The liquid level may then rise in the air tank 86 at the speed of up to 2 feet per second creating a large suction pulling the grit upward with the large bubble (FIG. 8). This large suction is an increase over the conventional systems of FIGS. 1 and 2. FIG. 9 shows the airlift pump system 88 continuously transferring grit upward in the wake of the large bubble.

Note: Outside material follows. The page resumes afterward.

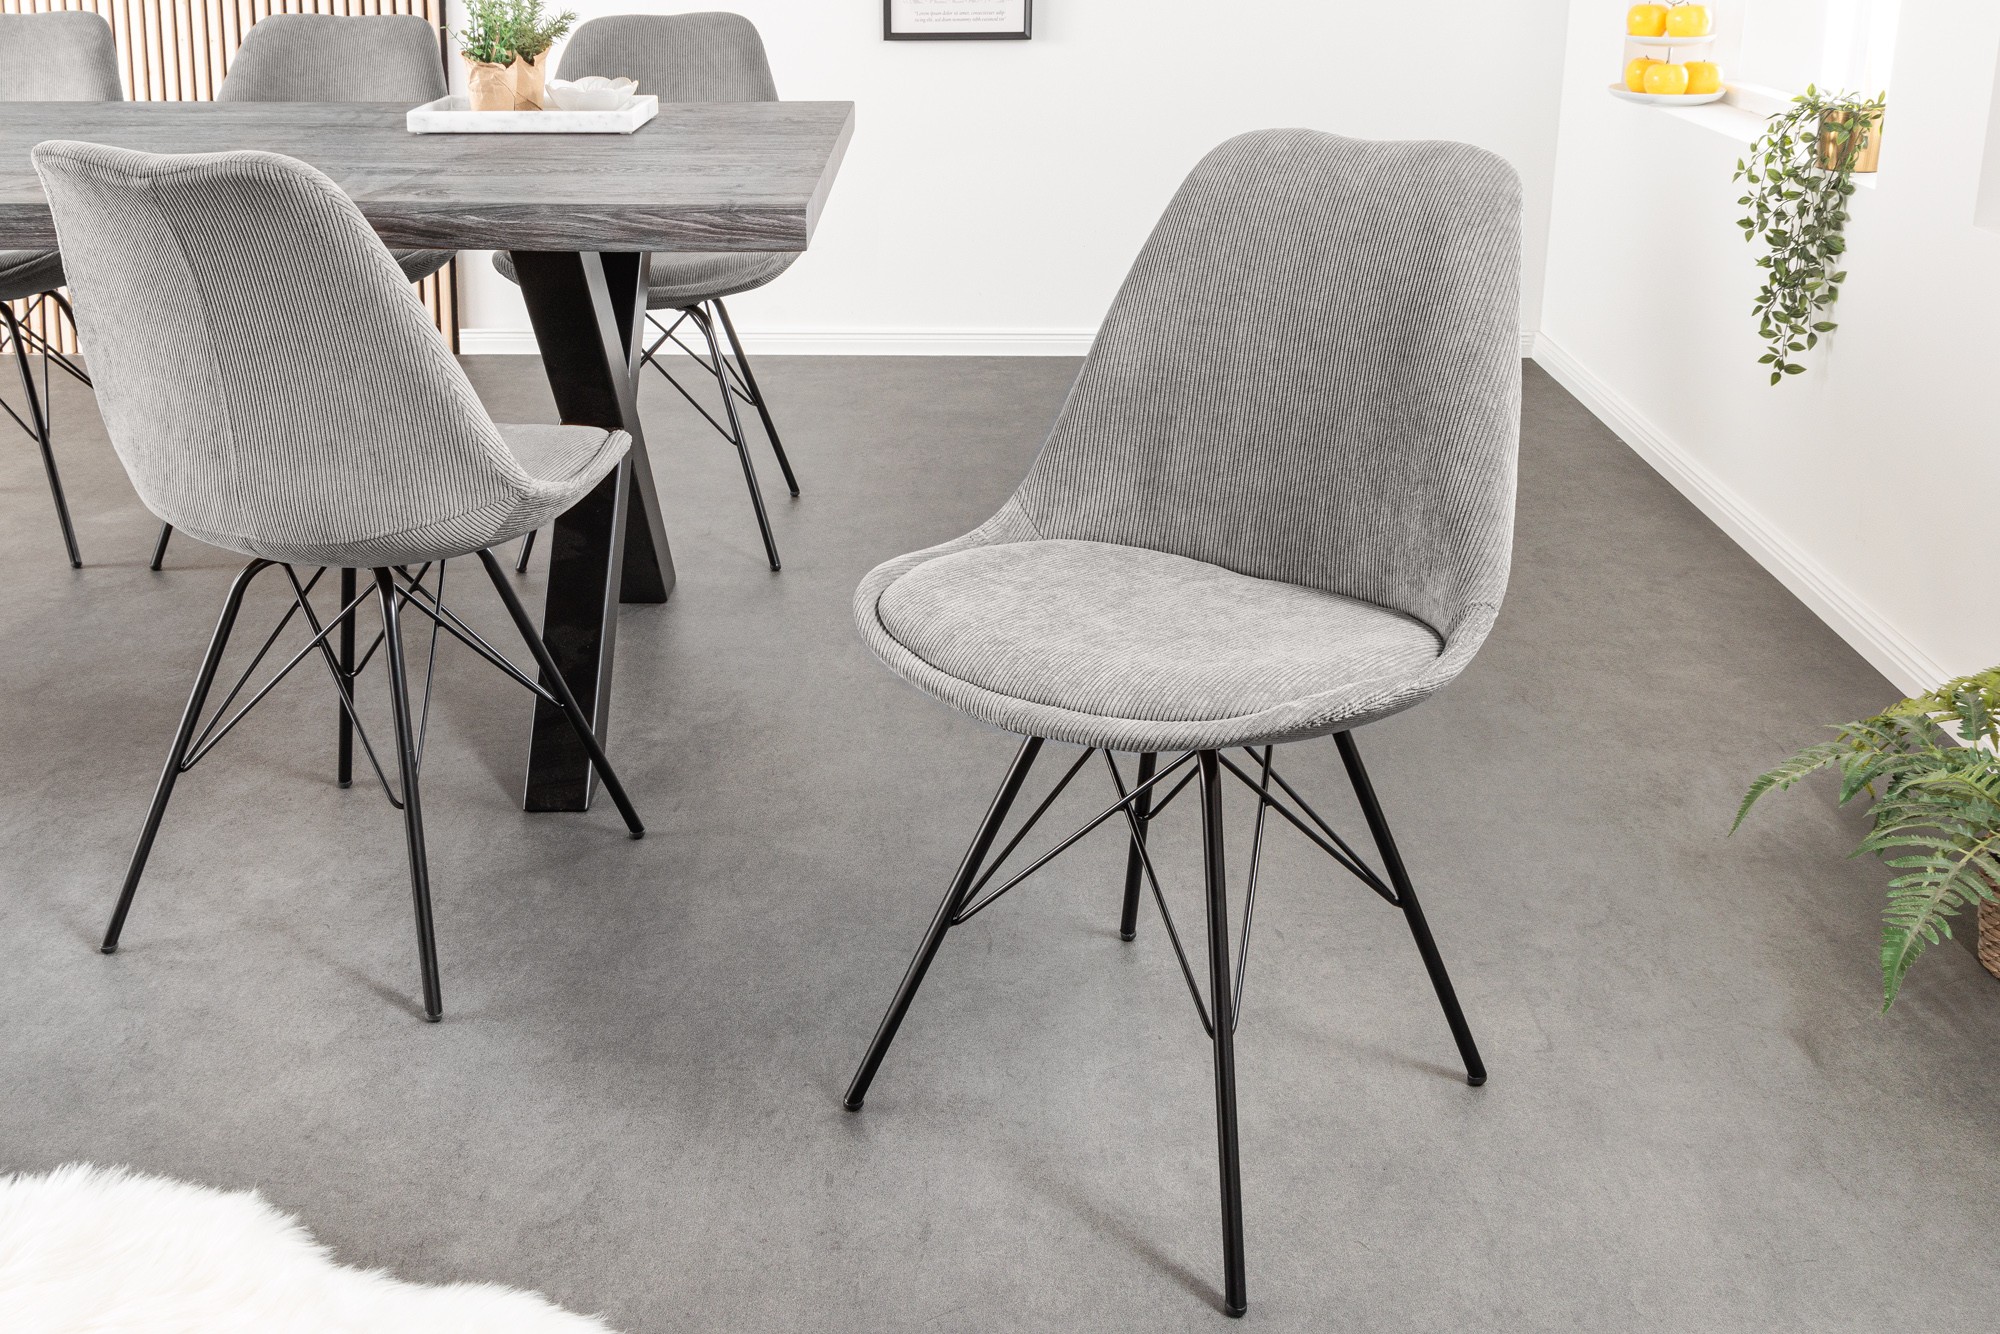 Estila Designová moderní židle Scandinavia s manšestrovým šedým čalouněním

Another airlift pump system 120 includes a vessel VVVV supplied liquid from a liquid supply 58. The vessel VVVV supplies liquid to an air tank 132 from a vessel discharge port 140 through a discharge tube 138 to an intake port 136 of the air tank. The air tank 132 is supplied with air from an air source 100 connected to an input 102 of a first air supply line 104 and a second air supply line 106. A first output port 110 of the first air supply line 104 is connected to a closed upper end 108 of an air tank 132. The air tank 132 has a cylindrical configuration with a closed bottom end 134. A cylindrical riser tube 123 has a U-shaped elbow 118 with an upper vertical intake end 112 and an intake port 114, a lower horizontal portion 116 defining a port 128 penetrating a side wall of the riser tube 123, and an upper vertical discharge end 126 with a discharge port 124 disposed within the riser tube 123. A second output port 130 of the second air supply line 106 is connected to the lower horizontal portion 116 of the riser tube 123. Note that the second air supply line 106 may be omitted if the superficial density of the liquid L is less than 1.5. The riser tube 123 extends upward through a suitably tight opening in the closed upper end 108 of the air tank 132 to a discharge port 122. The airlift pump system 120 provides the increased suction advantages as described above regarding the airlift pump system 88.

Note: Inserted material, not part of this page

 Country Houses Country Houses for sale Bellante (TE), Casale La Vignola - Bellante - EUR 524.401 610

It will be understood that the above description of the present invention is susceptible to various modifications, changes and adaptations, and the same are intended to be comprehended within the meaning and range of equivalents of the appended claims. The presently disclosed example embodiments are considered in all respects to be illustrative, and not restrictive. The scope of the invention is indicated by the appended claims, rather than the foregoing description, and all changes that come within the meaning and range of equivalence thereof are intended to be embraced therein.

Claims

1. A system for pumping liquid, said system comprising:

a compressed air source; and

a pump for vertically moving the liquid upward, said pump being powered by said compressed air source,

said pump including a first container, a second container disposed interior to said first container, and a U-shaped tube disposed interior to said first and second containers,

said compressed air source supplying compressed air to said U-shaped tube at a vertical portion of said U-shaped tube.

2. The system as set forth in claim 1 wherein said first container has an upper closure wall and a lower open end opposite said upper closure wall.

3. The system as set forth in claim 1 wherein said U-shaped tube has two upper open ends.

4. The system as set forth in claim 3 wherein said U-shaped tubing extends vertically downward, horizontally through a side wall of said second container, and upward interior to said second container.